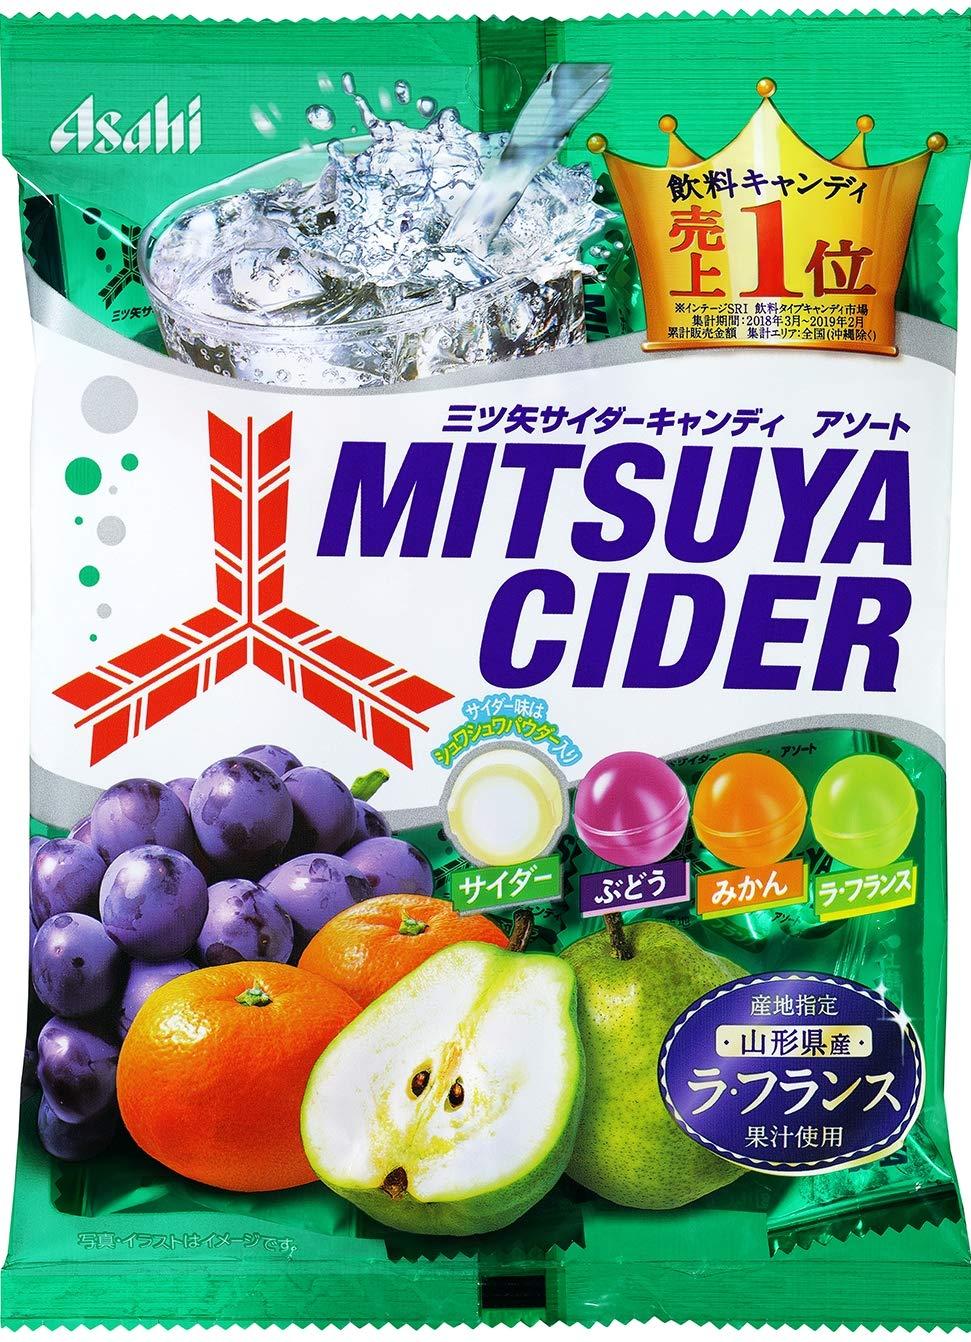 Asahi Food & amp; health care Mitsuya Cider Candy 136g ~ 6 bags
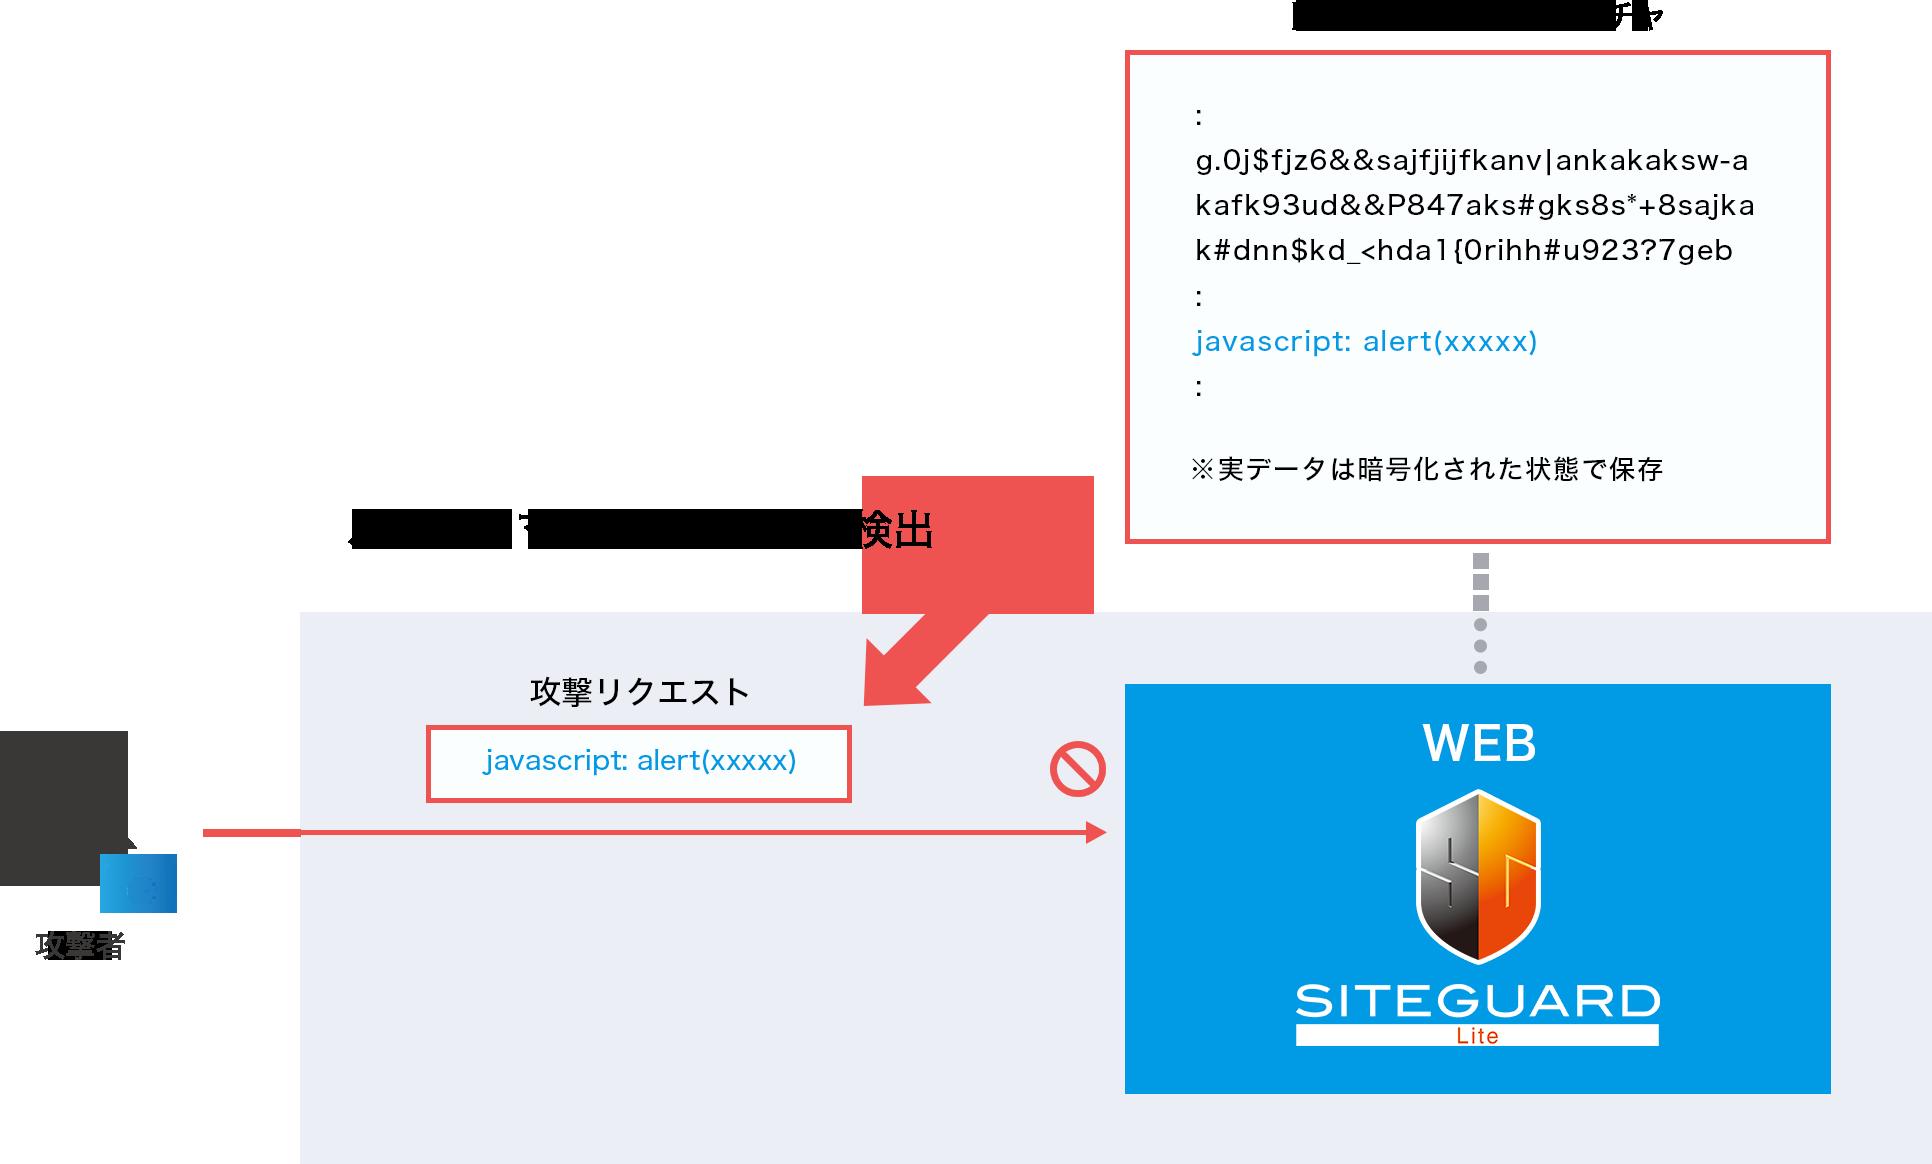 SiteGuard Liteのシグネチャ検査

* * *

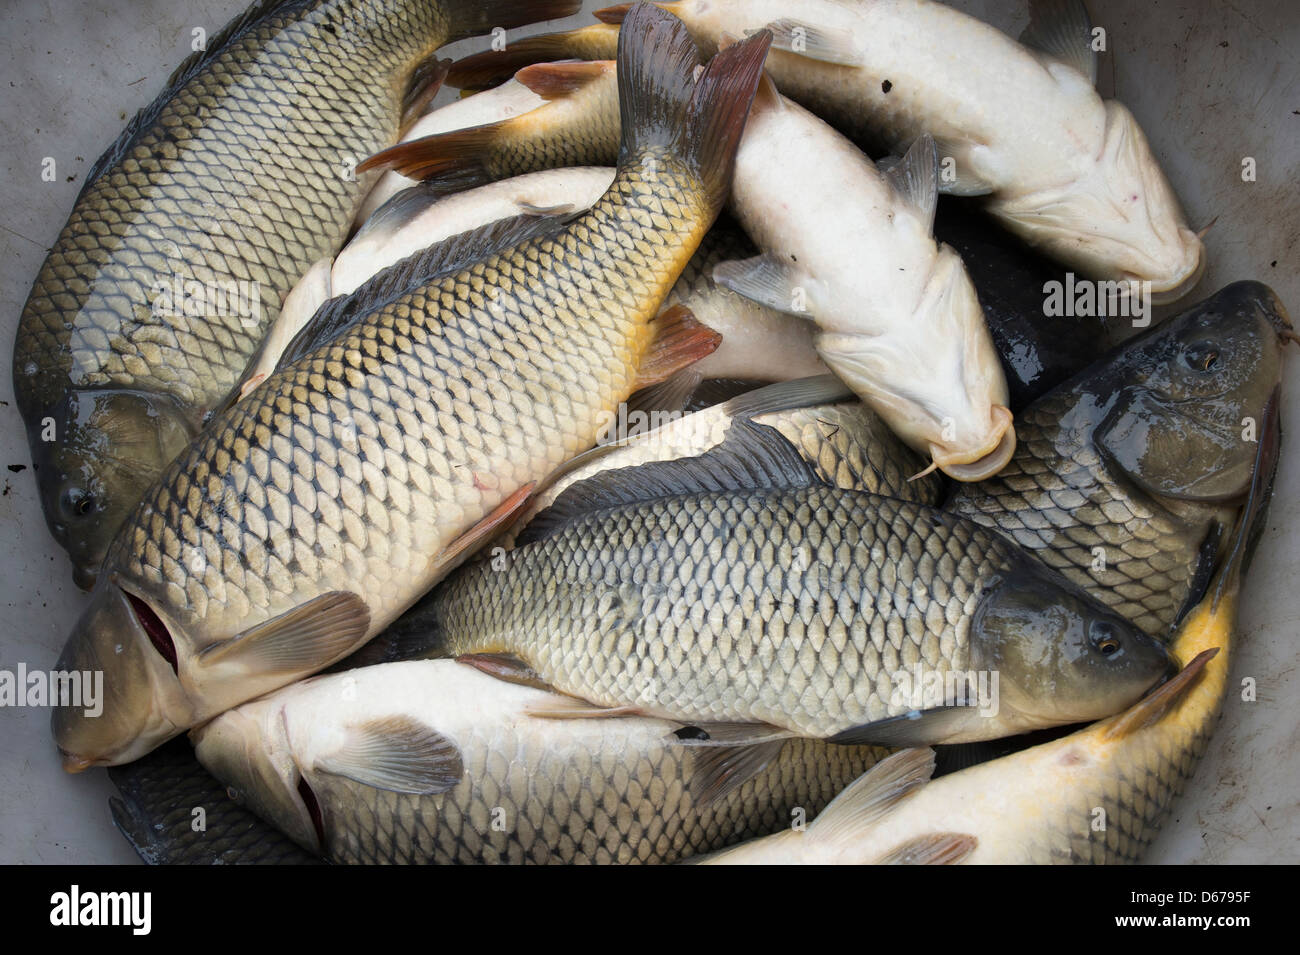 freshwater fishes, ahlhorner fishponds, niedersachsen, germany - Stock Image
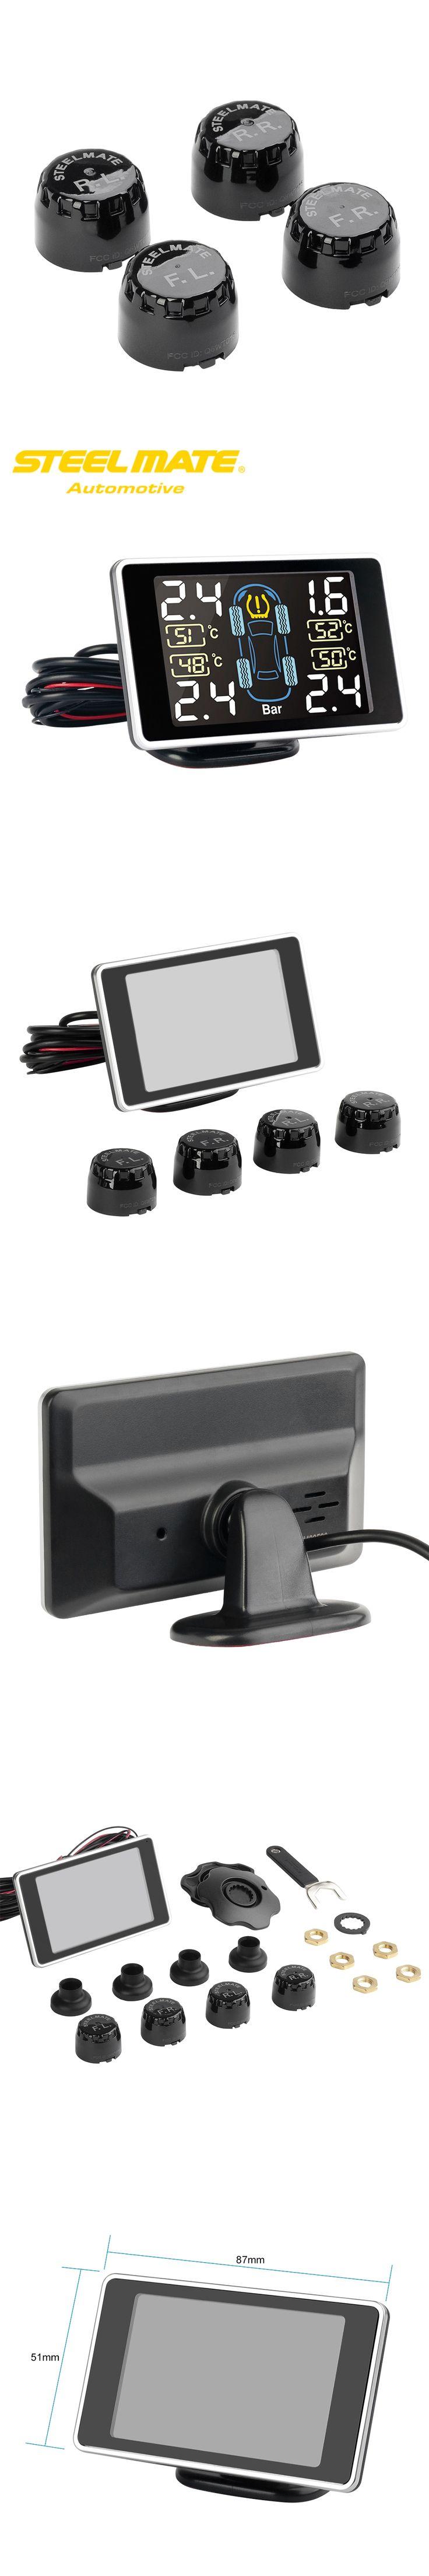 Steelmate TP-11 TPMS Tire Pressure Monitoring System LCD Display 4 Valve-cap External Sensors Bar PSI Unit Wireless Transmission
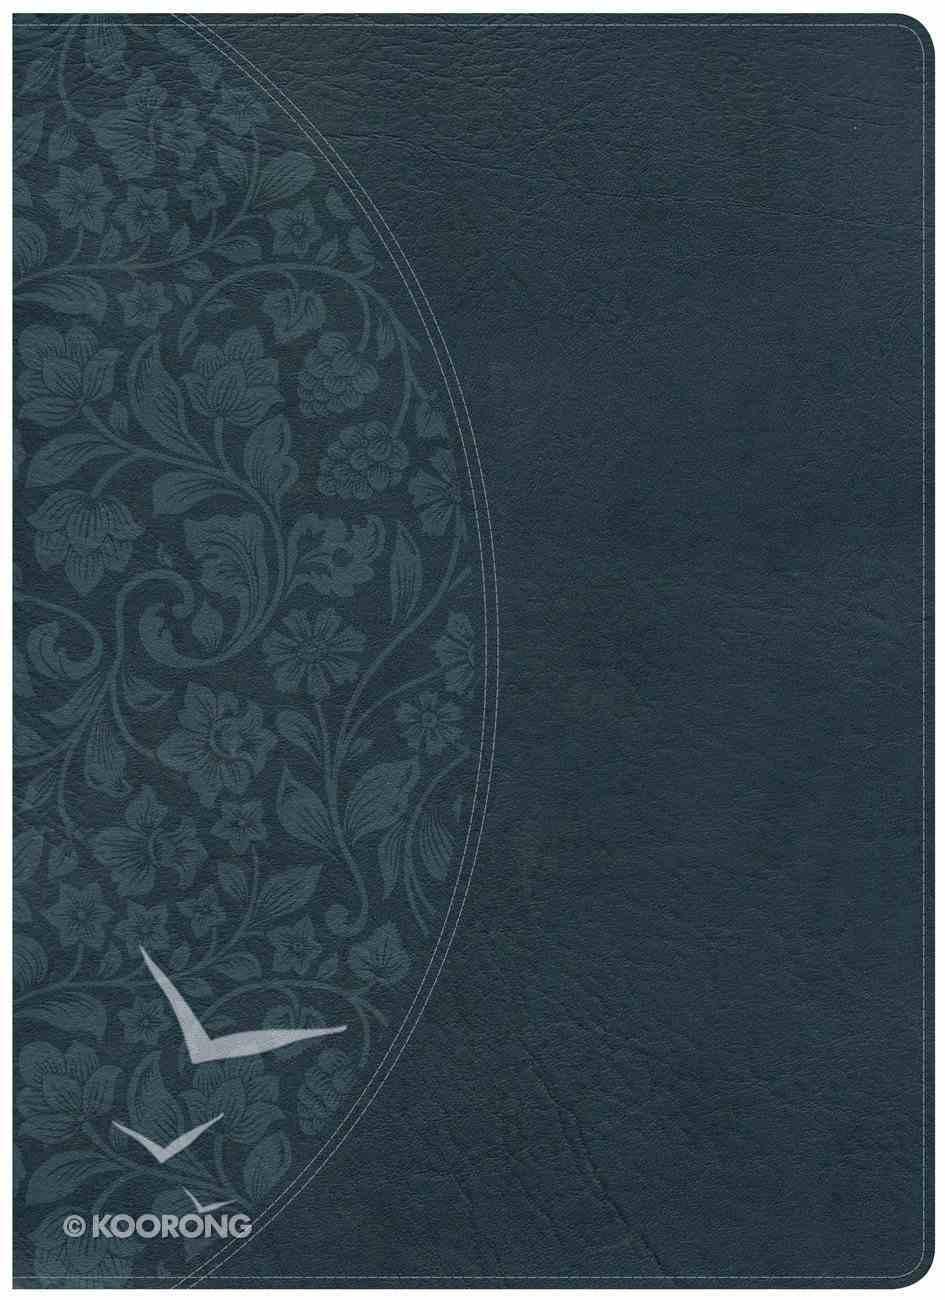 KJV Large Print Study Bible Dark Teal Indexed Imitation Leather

==

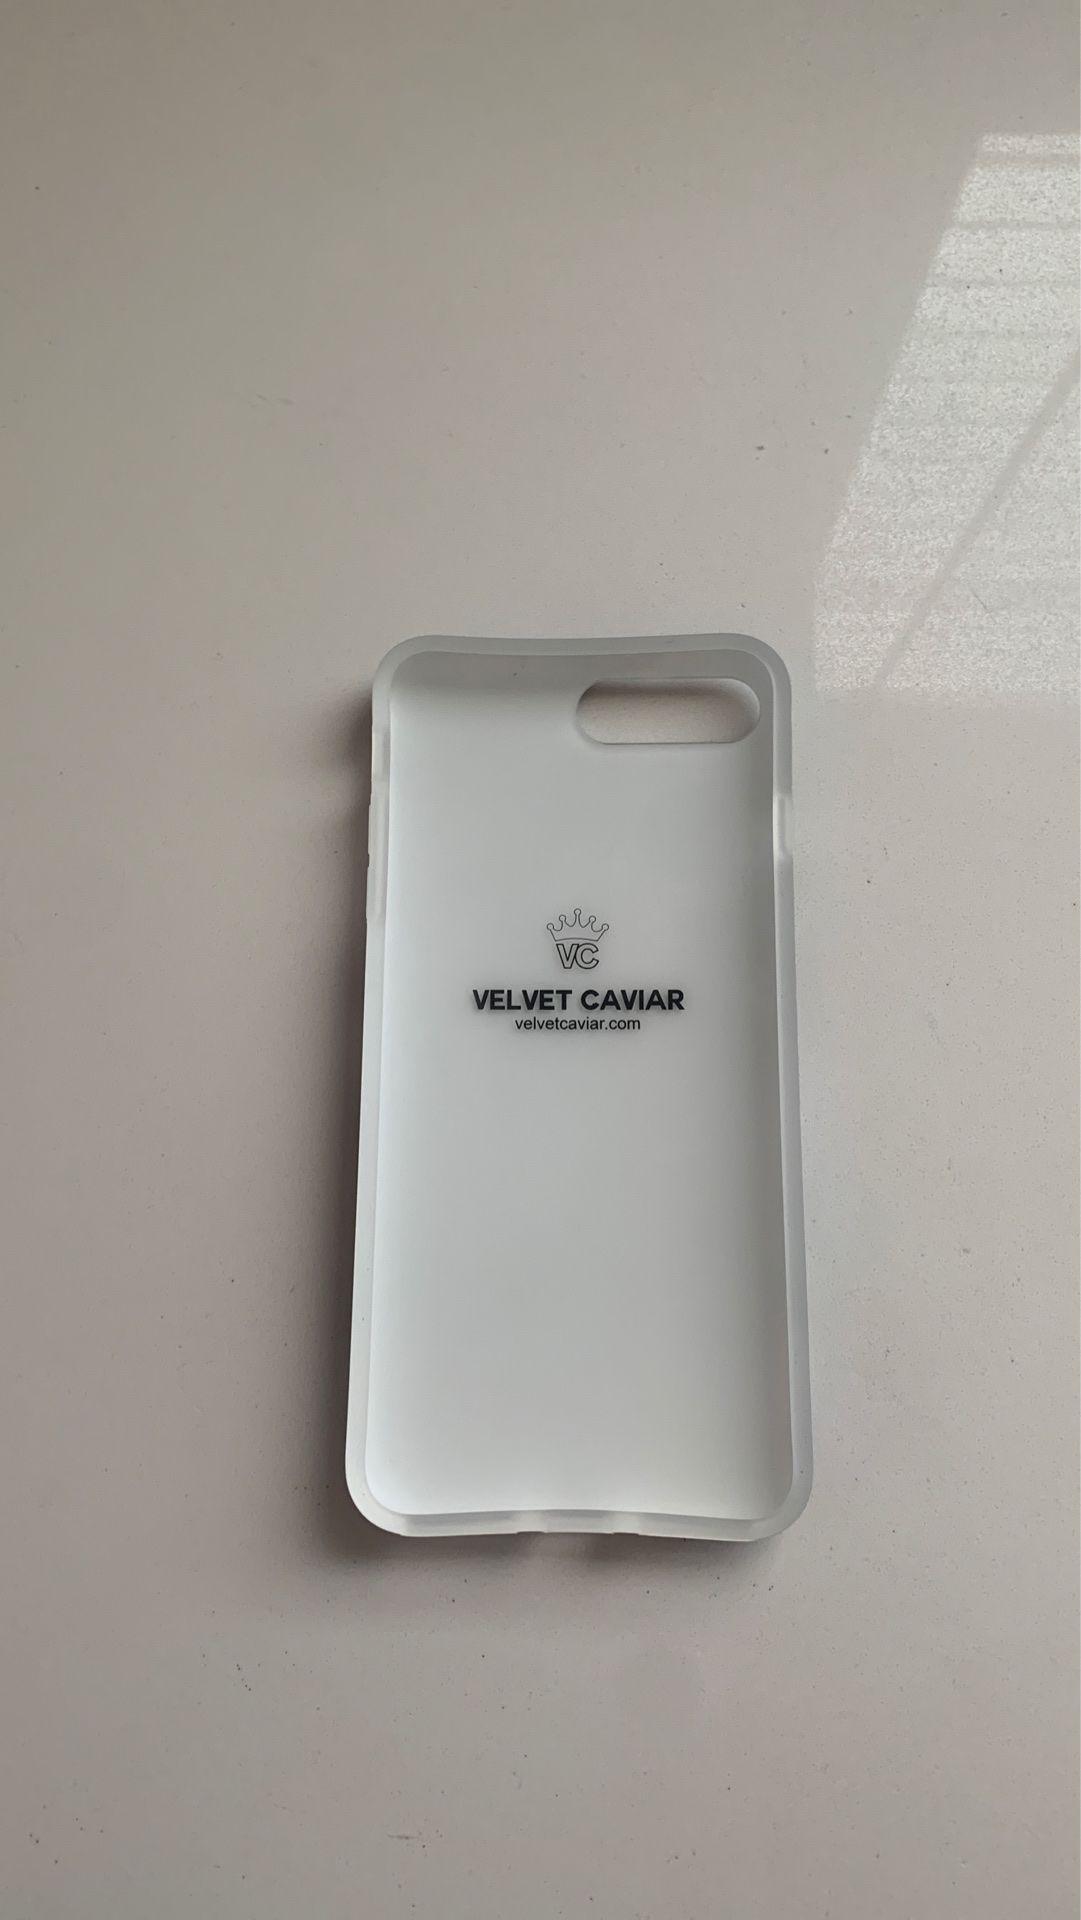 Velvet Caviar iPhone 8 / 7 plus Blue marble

Action item
Your reply is to be an exact repeat of the listing above from the line holding "Asahi Food &" down to the line holding "SiteGuard Liteのシグネチャ検査", ends included, pictures excluded.

Task output
 Asahi Food & amp; health care Mitsuya Cider Candy 136g ~ 6 bags
 SiteGuard Liteのシグネチャ検査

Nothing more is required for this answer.